I didn’t much like the idea that people I’d never met got an opinion on how I looked and dressed when I didn’t so I asked Lineburger how he rated one.

“Sydney is a wizard, an advertising man,” Bobby answered. “He’s with Lineburger/Lambert, in New York. You can trust him. He’s the best there is.”

“We like to say we can sell popsicles to penguins,” Lineburger said. I wondered how the ability to sell people things they didn’t need or want was one that should inspire my trust, but like so many things about this whole affair I kept the thought to myself.

“You’re going to make me the new, improved, 1965 Jack Kennedy, I take it?”

He twinkled, no offense taken at all. “You got it – ‘Now with 50 per-cent more Presidentiality.’”

I found myself liking him, at the same time realizing it was probably a necessary skill for the job. His partner hadn’t said anything yet.

“What about you, Mr. Bird? You a Popsicle salesman, too?”

“Not exactly,” Bird said. He stuck a large hand out for me to shake. It felt like he could crack walnuts with it.

Bobby was flipping through a sheaf of papers. “Otis is a colleague of Syd’s, here to help with the Negro vote.”

“That’s right,” Bird said with a smile. “Sydney sells the popsicles, I sell the fried chicken and watermelon. I’m the secret weapon.”

“Otis grew up in the South, ” Sydney said by way of explanation. “The Negro population has tended to run their own show up here since the Bosses took over.  Down south things have gone back to nearly what they were before the war, except for actual slavery.

“There’s different ways to enslave a man,” Otis said. “The modern way, you just don’t have to feed and shelter him, too.”

“We want to bring them all back into the fold.” Sydney said. “Our fold. After all, the Democratic party is the party of civil rights.”
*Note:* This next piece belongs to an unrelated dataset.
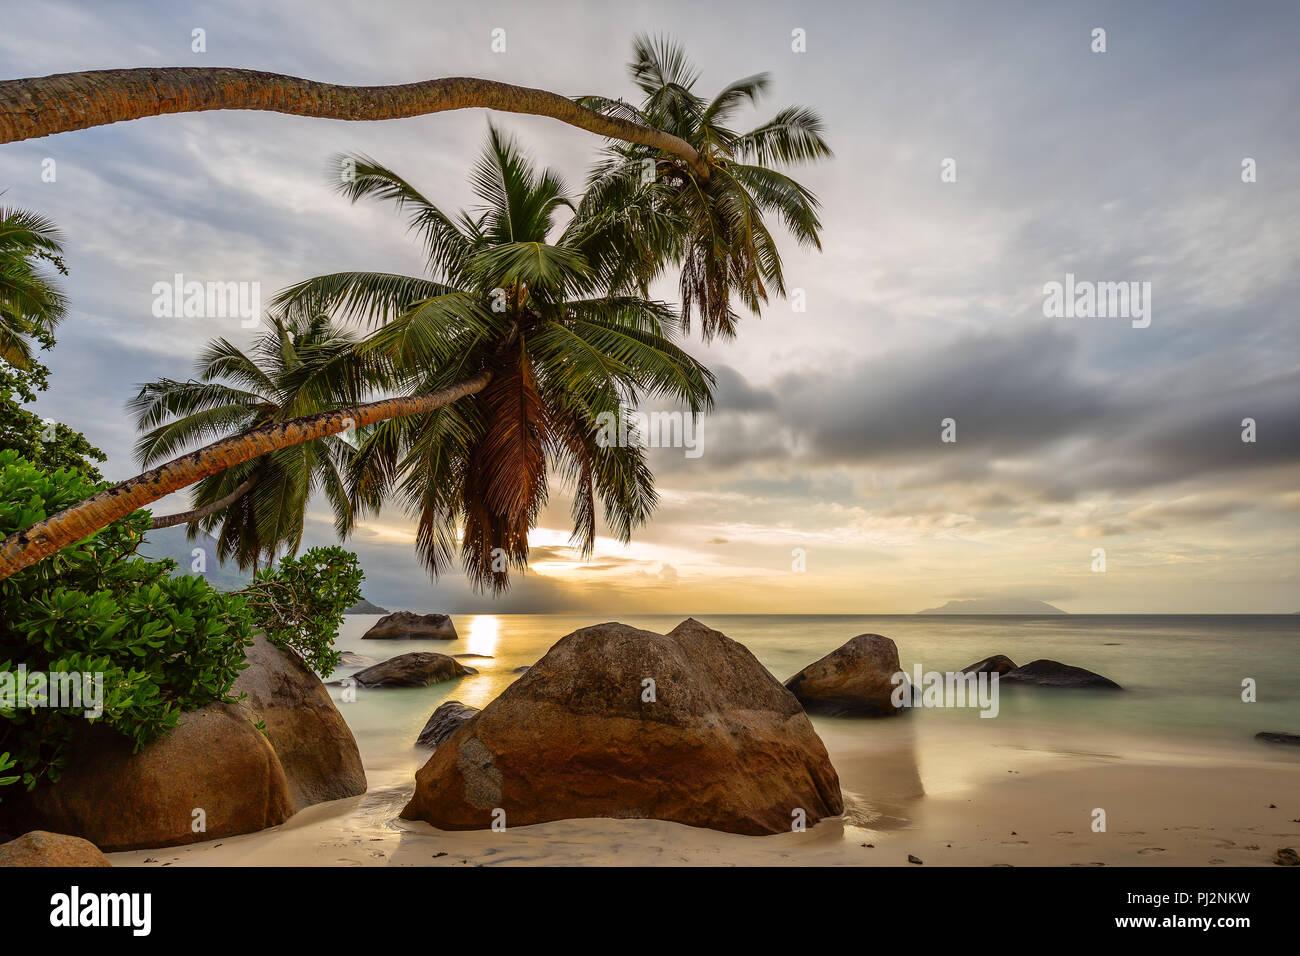 The coconut palms stretch far over the granite rocks towards the sun. Stock Photo
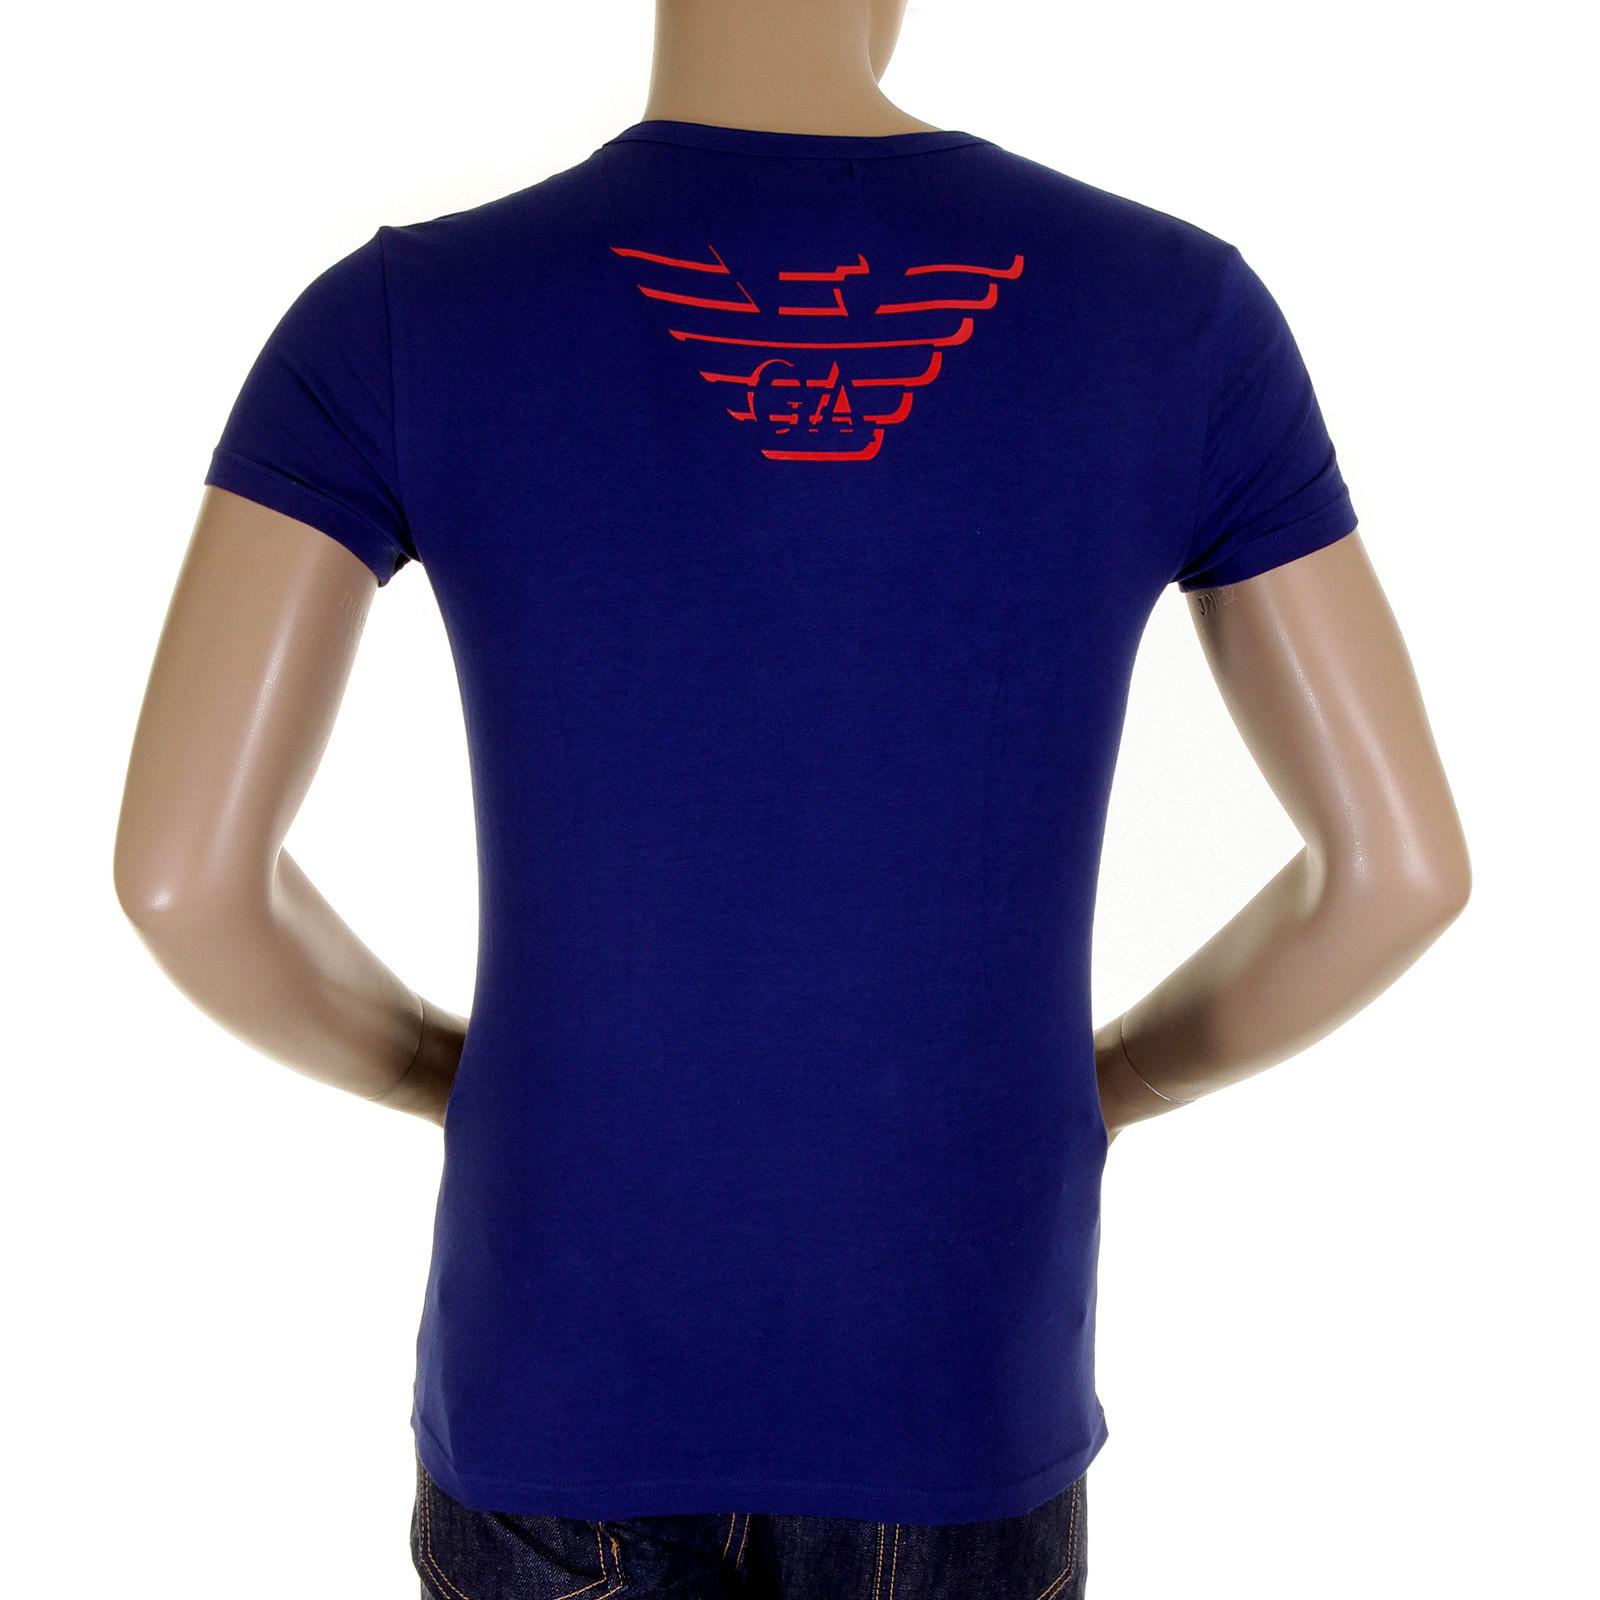 99dbb2b30331c Emporio Armani t shirt china blue v neck t shirt 110752 1S512 EAM1506 at Togged  Clothing

“Really? I thought the Republicans freed the slaves.”

Lineburger waved a hand, as if he were clearing smoke. “Lincoln was a Democrat in everything but name.” Sydney said. “Preserving the Union, restoring the republic – it’s the same thing, just a hundred years later.”

“Let us worry about the political theory,” Bobby said. “You’re going to be busy enough with your own job.”

I nodded at him in agreement, all the while thinking that so far as I’d heard what we had was a so-called election with one party and a single candidate, and a team of advertising people just to bedazzle the rubes just in case the odds weren’t stacked enough. But since no one had mentioned letting them actually vote, I supposed it didn’t really matter. I’d had more choice in my suits and ties than they were going to get.